音量は小さくしているのでほとんど周りには聞こえませんが、人が近くにいる時は迂闊に話せません。
「それにしてもこのお屋敷……何だか怖いナリね……」
コロ助は屋敷に飾られている動物の剥製を見て少し怖がっていました。
剥製はまるで生きているような雰囲気で、今にも動き出しそうなのです。
「ただの剥製だよ、コロ助」
「でも、本当に生きているみたいね……」
五月も剥製が気になって仕方がありません。
「……あっ、静かに」
「出てきやがったな……」
キテレツ達は廊下の先の曲がり角でモット伯が何やら警備の兵の一人と話し合っているのを目にしました。
「くせ者はまだ見つからんのか」
「はい……未だに」
「まあ良い。たかが平民の子供ごときが忍び込んだとしても何もできんわ。このまま警備を続けていろ」
一礼をして去っていた兵を見送ったモット伯は踵を返してキテレツ達の方へ向かってきます。
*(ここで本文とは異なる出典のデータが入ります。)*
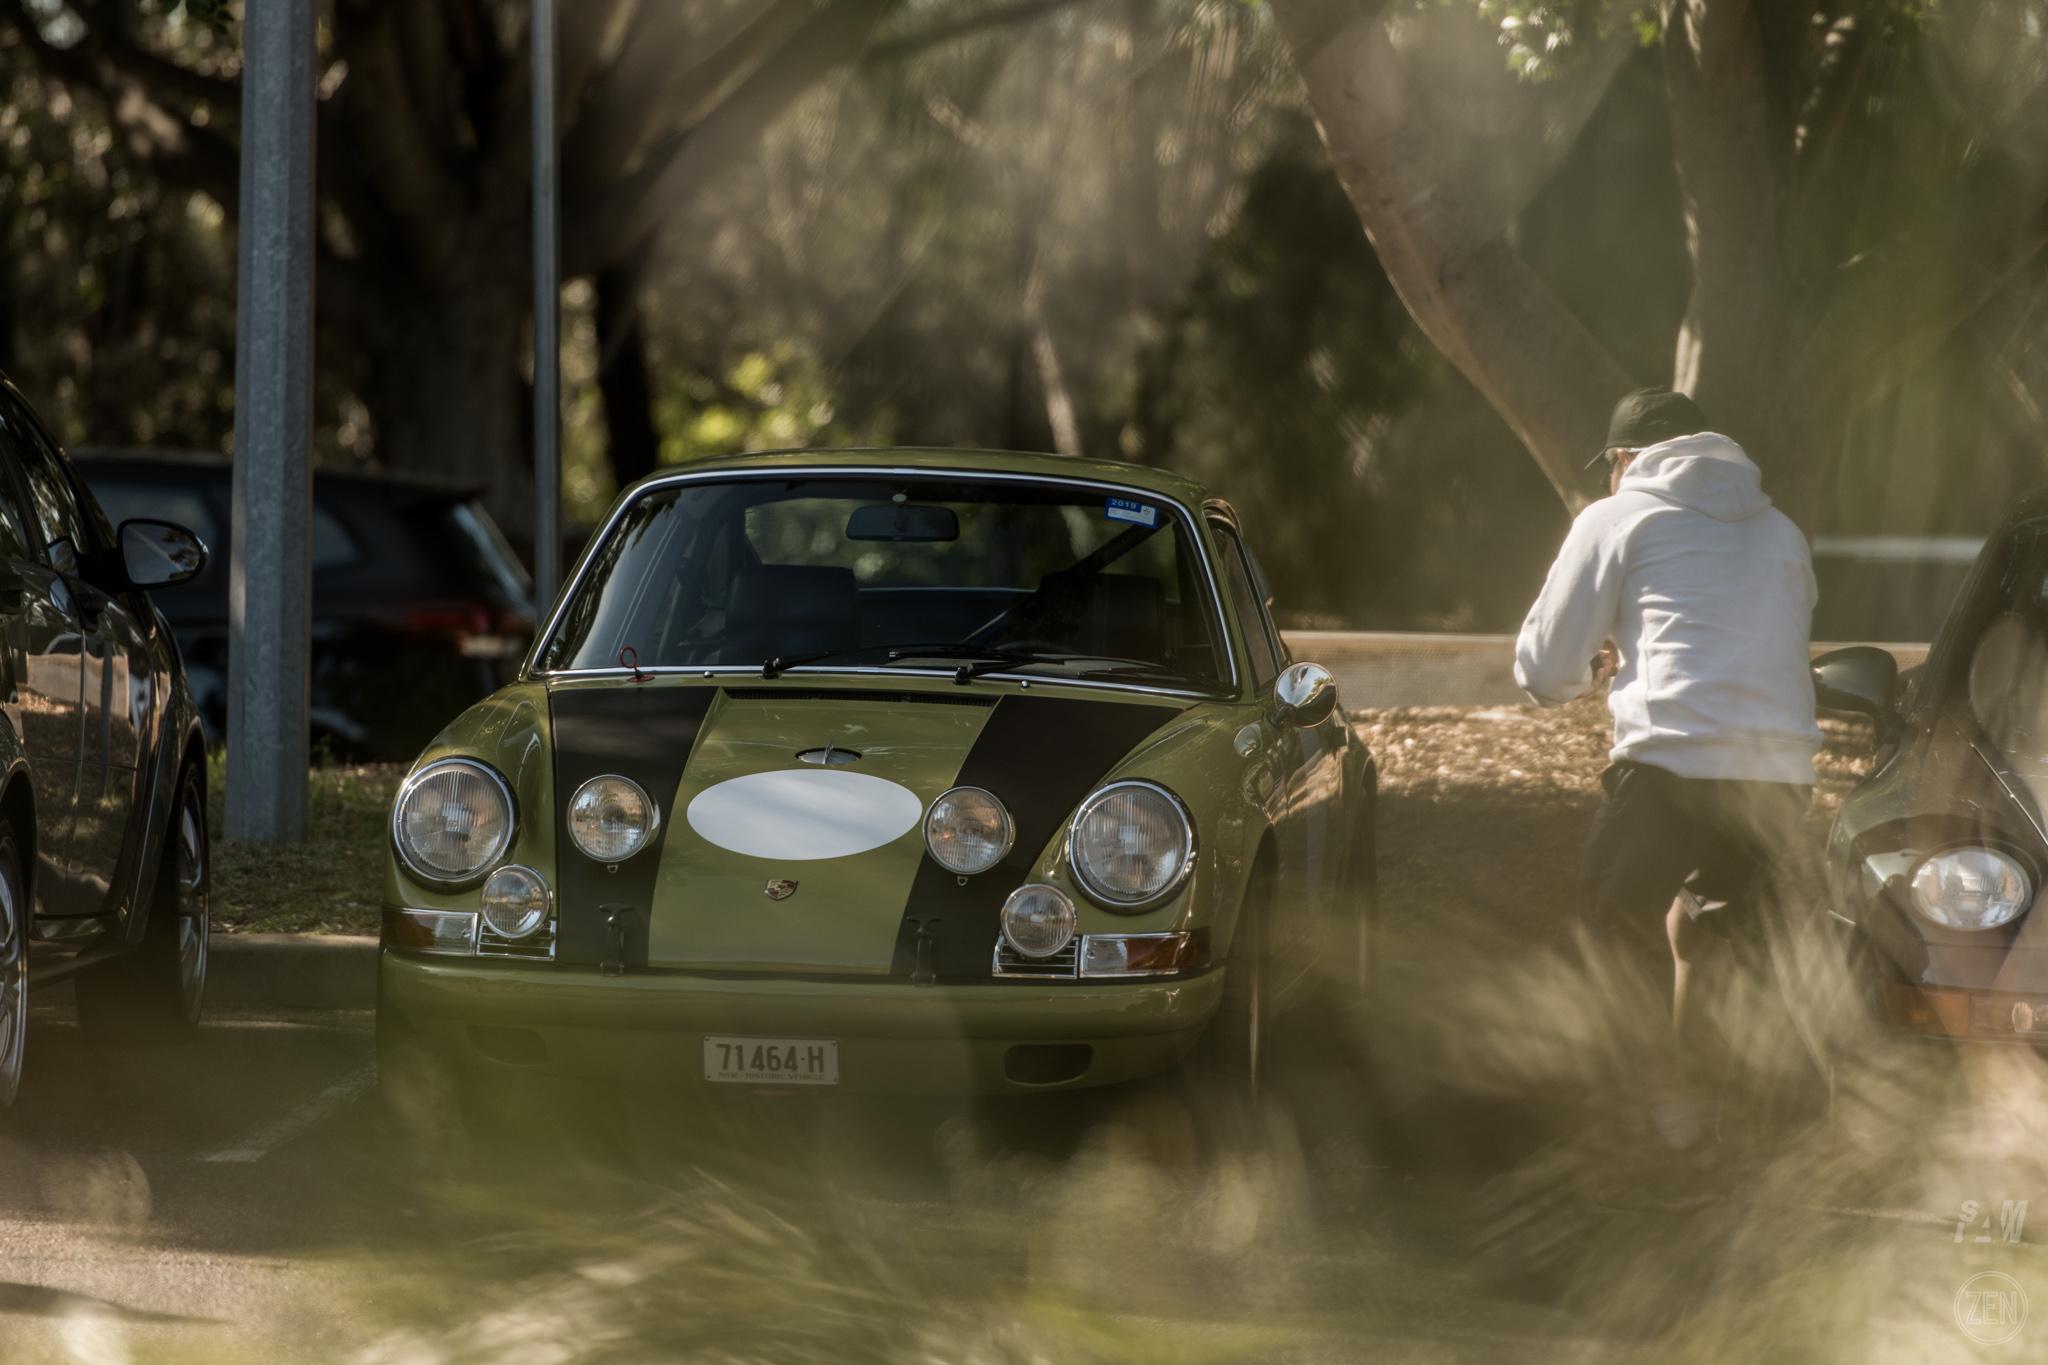 2019-10-27 - Autohaus Porsches & Coffee 152

四人は壁際に寄ってモット伯が通り過ぎるのを待ってじっと息を潜めていました。
「今回は二人の娘が手に入るとは、私も恵まれているな。あのメイドはどうやって味わおうか……」
廊下を歩くモット伯はニヤニヤと笑いながら、誰ともなく独り言を呟いています。
「二人の娘……ということは……」
「みよちゃんのことね……」
「あいつめ……みよちゃんを誘拐しやがって……見てろよ……」
通り過ぎていったモット伯の後ろを離れてついていく中、小さな声でキテレツ達は呟きます。
「どれ……まだ時間があるし、少しあの娘でも眺めてくるか……」
そう言ってモット伯は先ほどシエスタと話していた部屋へと入っていきました。
「みよちゃんの所へ行く気ナリよ」
「よっしゃ……行こうぜ」
キテレツ達はそっと、静かにモット伯が入っていった私室の扉をほんの僅かに開けて中を覗きます。
「みよちゃんを眺めるって、どういうことかしら……」
「さあ……分からないよ」
先ほどモット伯が口にした言葉に違和感を感じて五月とキテレツは首を傾げます。
「何やってやがるんだ……」
扉の隙間から中を覗いていると、モット伯は何やら大きな本棚の前に立って何かをしています。
「あ……!」
「棚が動いたぜ……!」
「隠し部屋……?」
モット伯の目の前にあった扉のように開いて、奥へと続く通路が現れたのです。
まさしくそれは隠し扉と言うべきものでした。モット伯は現れた通路の中へと入っていきます。
「きっと、あの先にみよちゃんを閉じ込めてやがるんだな」
「行ってみましょう、キテレツ君」
「うん……!」
意外な事実を目の当たりにしたことで、みよ子はやはりここにいるという真実が確かなものとなっていきます。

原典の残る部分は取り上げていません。